Мы оставили тему литературной критики в двадцатых годах, поскольку тридцатые годы — это время измельчания литературной критики, её униформизации, потери ею общей перспективы литературы. И тем не менее в этой сфере существовало одно важное направление, которое было достаточно влиятельным, чтобы вызвать партийный гнев в 1940 году. Более того, это направление пыталось, подобно тому, как в конце десятых и в начале двадцатых годов это делали формалисты, сочетать занятия теорией литературы с актуальной литературной критикой. Речь идёт о группе литературных критиков, работавших в журнале «Литературное обозрение», а также в единственном в СССР литературоведческом и специально критическом журнале «Литературный критик». Наиболее значительными фигурами среди участников «Литературного критика» были философ и литературовед Георг Лукач (1885–1971), его молодой ученик Михаил Лифшиц, рано умерший талантливый литературовед-компаративист Владимир Гриб, а также замечательный писатель Андрей Платонов.
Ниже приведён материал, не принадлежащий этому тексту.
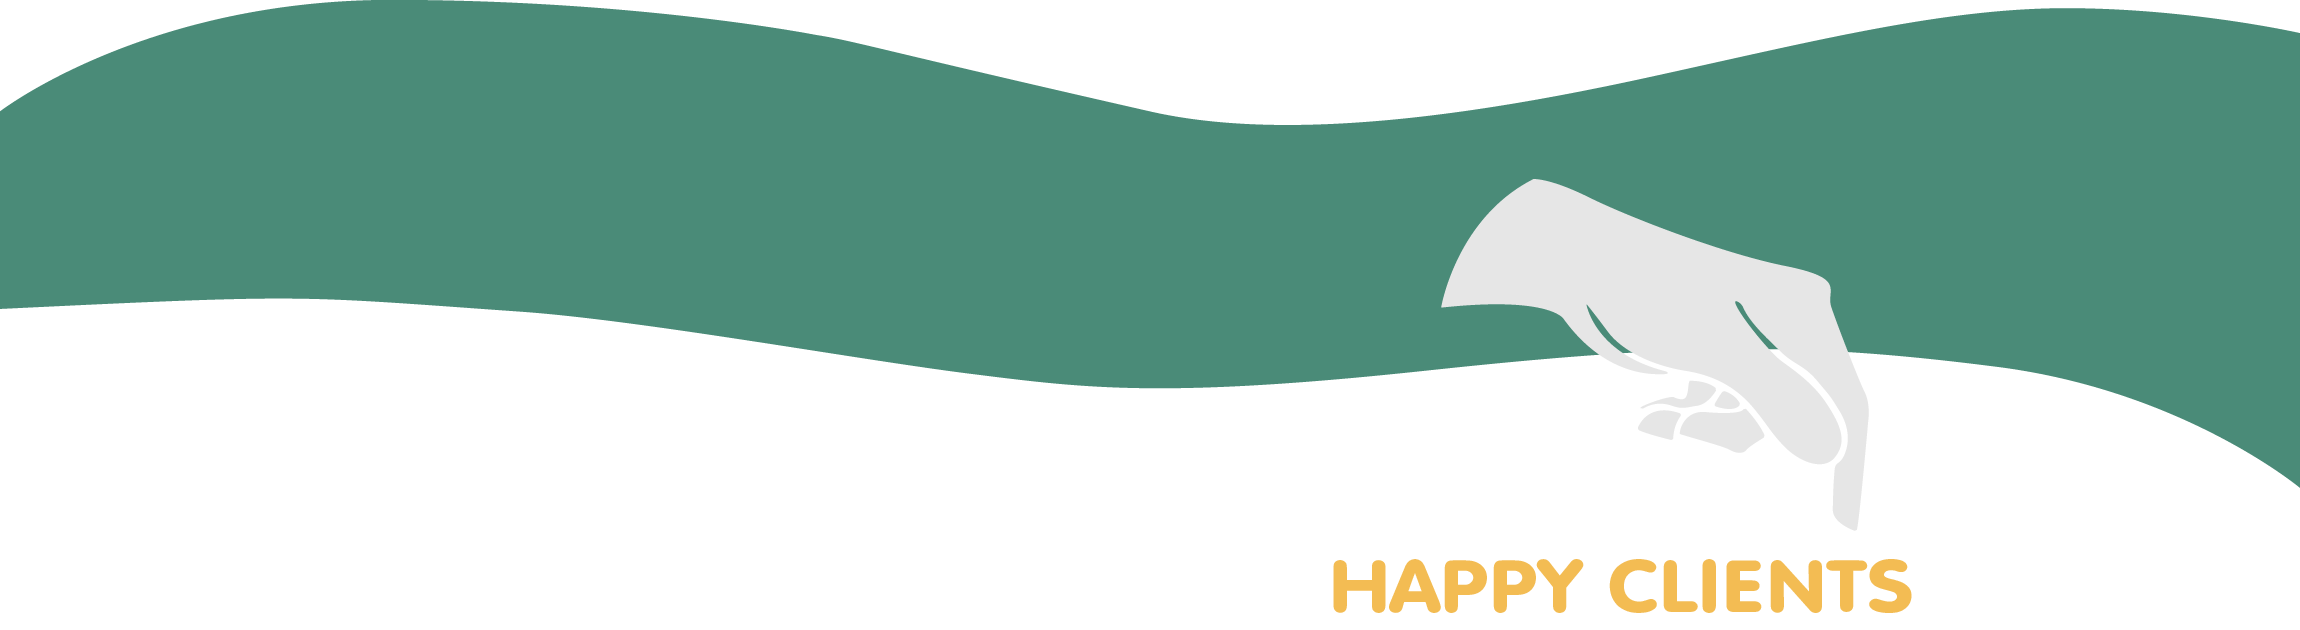 handje-divider-2

Я только что сравнил группу «Литературного критика» с формальной школой. Сравнение это верно лишь в очень общей форме. Что же касается конкретных выступлений, исследований, их влияния, то здесь, пожалуй, вырисовывается картина, скорее, не похожая, а контрастная. Во-первых, формалисты все до одного были прекрасными теоретиками, а также великолепными исследователями конкретных произведений и яркими критиками. Критики группы «Литературный критик», в основном, отличались именно на поприще критики, и здесь заслуги их были весьма велики. В отличие от формалистов поэтикой они не занимались. По моему мнению, их влияние как на критику, так и, особенно, на актуальный литературный процесс было весьма велико и плодотворно. Что касается их вклада в чистое литературоведение и в теорию литературы, то здесь, на самом деле, приходится говорить лишь об одной по-настоящему значительной и влиятельной фигуре — о Георге Лукаче. Вклад остальных носит чисто исторический характер в том смысле, что остался навсегда заключённым в узкие рамки того короткого исторического отрезка, в котором протекала их деятельность.